▶ Task prompt:
Each record is to be printed again exactly, though not its pictures.

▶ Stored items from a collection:
* * * * * * *

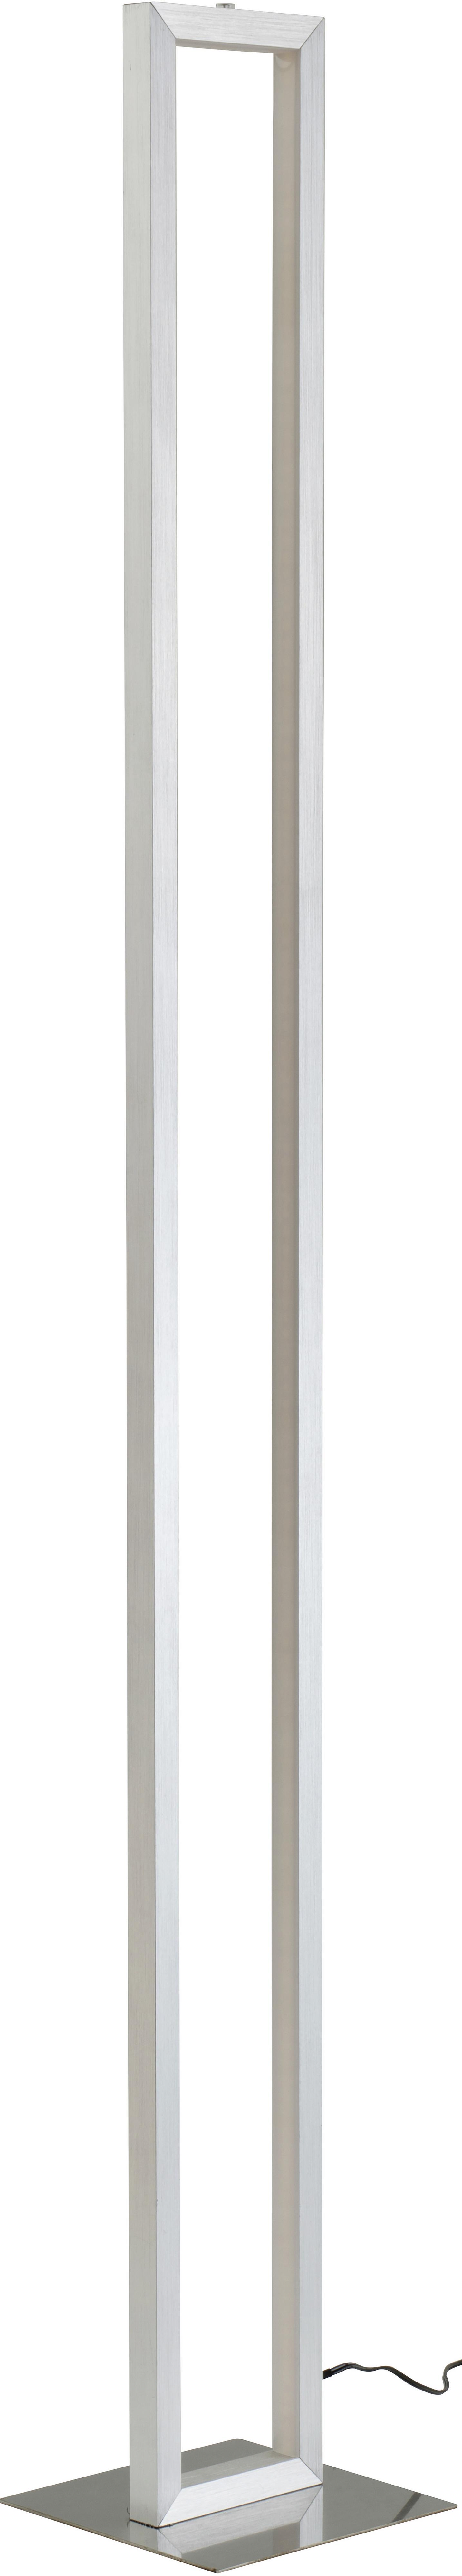 Lampadar LED Erion - culoare nichel/alb, Konventionell, plastic/metal (16/16/120cm) - Premium Living
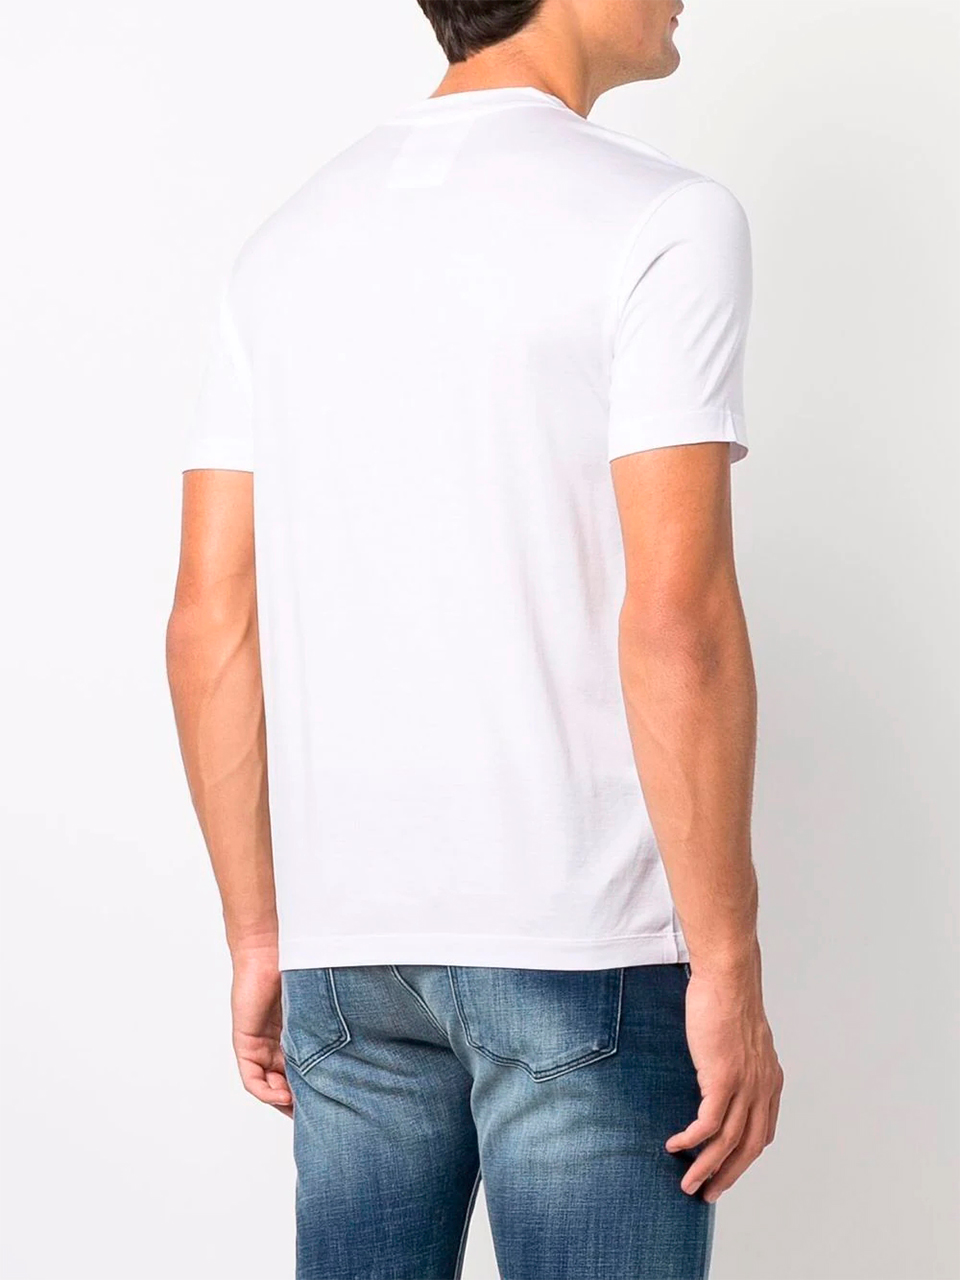 Imagem de: Camiseta Emporio Armani Branca Básica
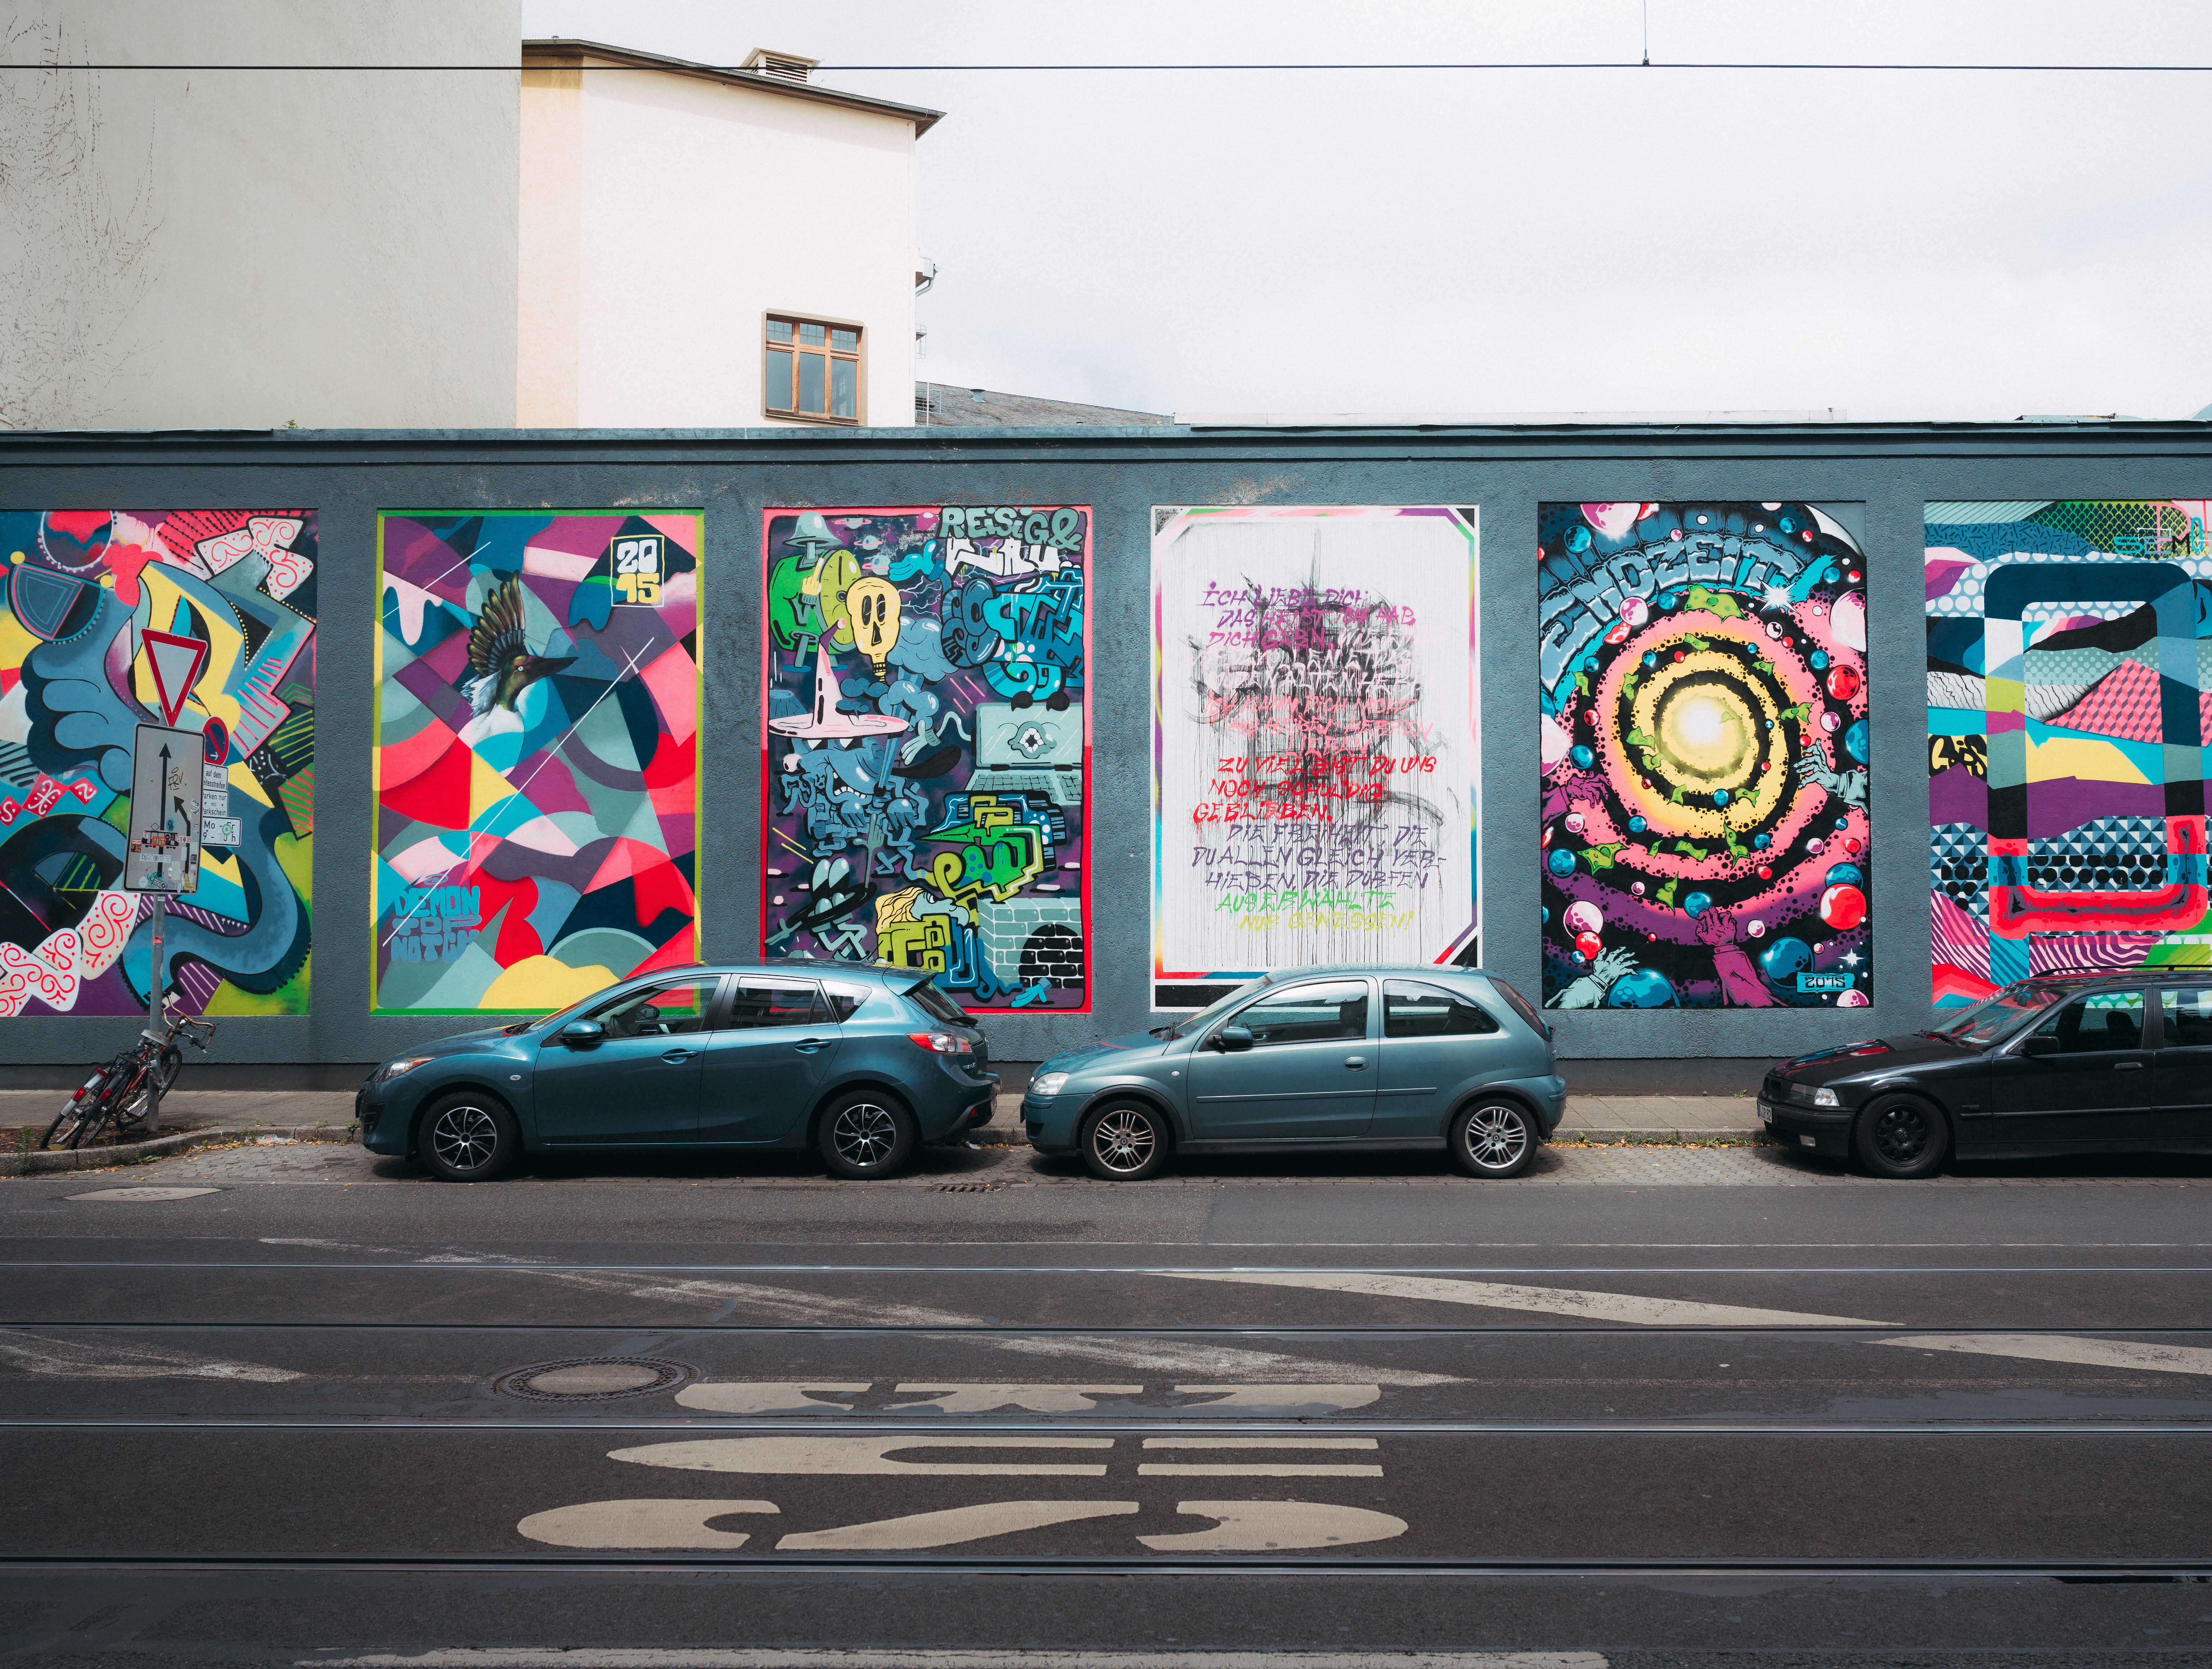 Bunte Street-Art-Mauer in Düsseldorf mit Kunstwerken wie in einer Galerie
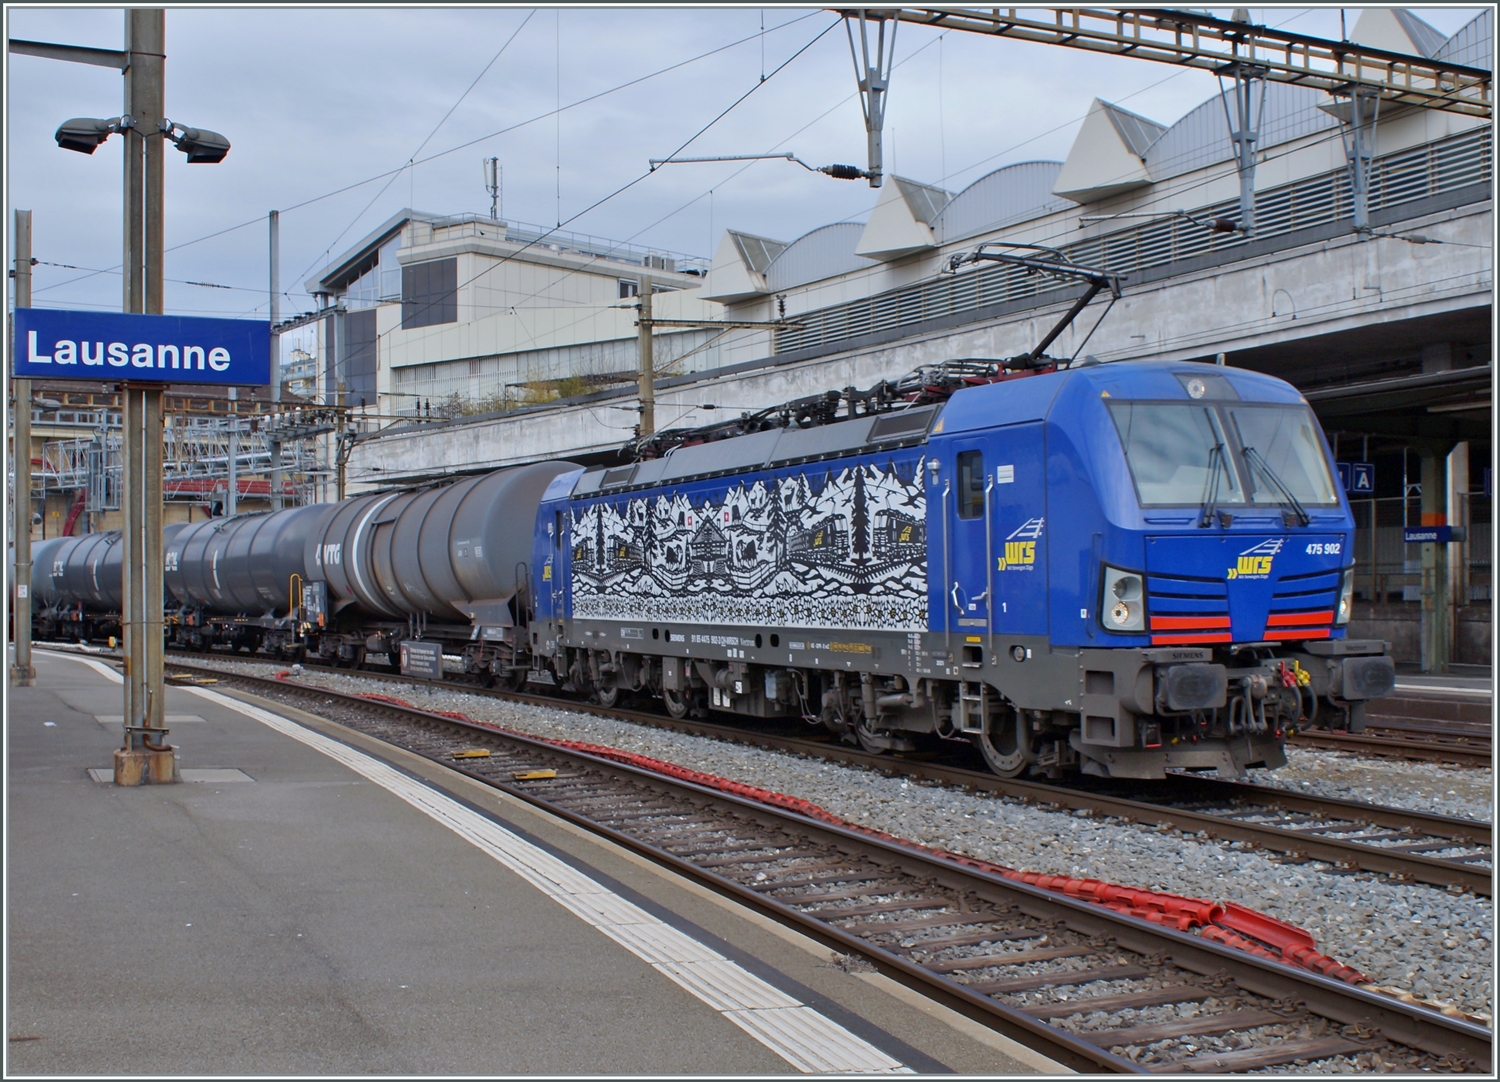 Die WRS Ae 475 902 wartet in Lausanne auf die Weiterfahrt in Richtung Wallis. 

17. Feb. 2023

* * * * * * *

▶ Exercise result:
 Lampadar LED Erion - culoare nichel/alb, Konventionell, plastic/metal (16/16/120cm) - Premium Living
 Imagem de: Camiseta Emporio Armani Branca Básica
 Bunte Street-Art-Mauer in Düsseldorf mit Kunstwerken wie in einer Galerie
 Die WRS Ae 475 902 wartet in Lausanne auf die Weiterfahrt in Richtung Wallis. 

17. Feb. 2023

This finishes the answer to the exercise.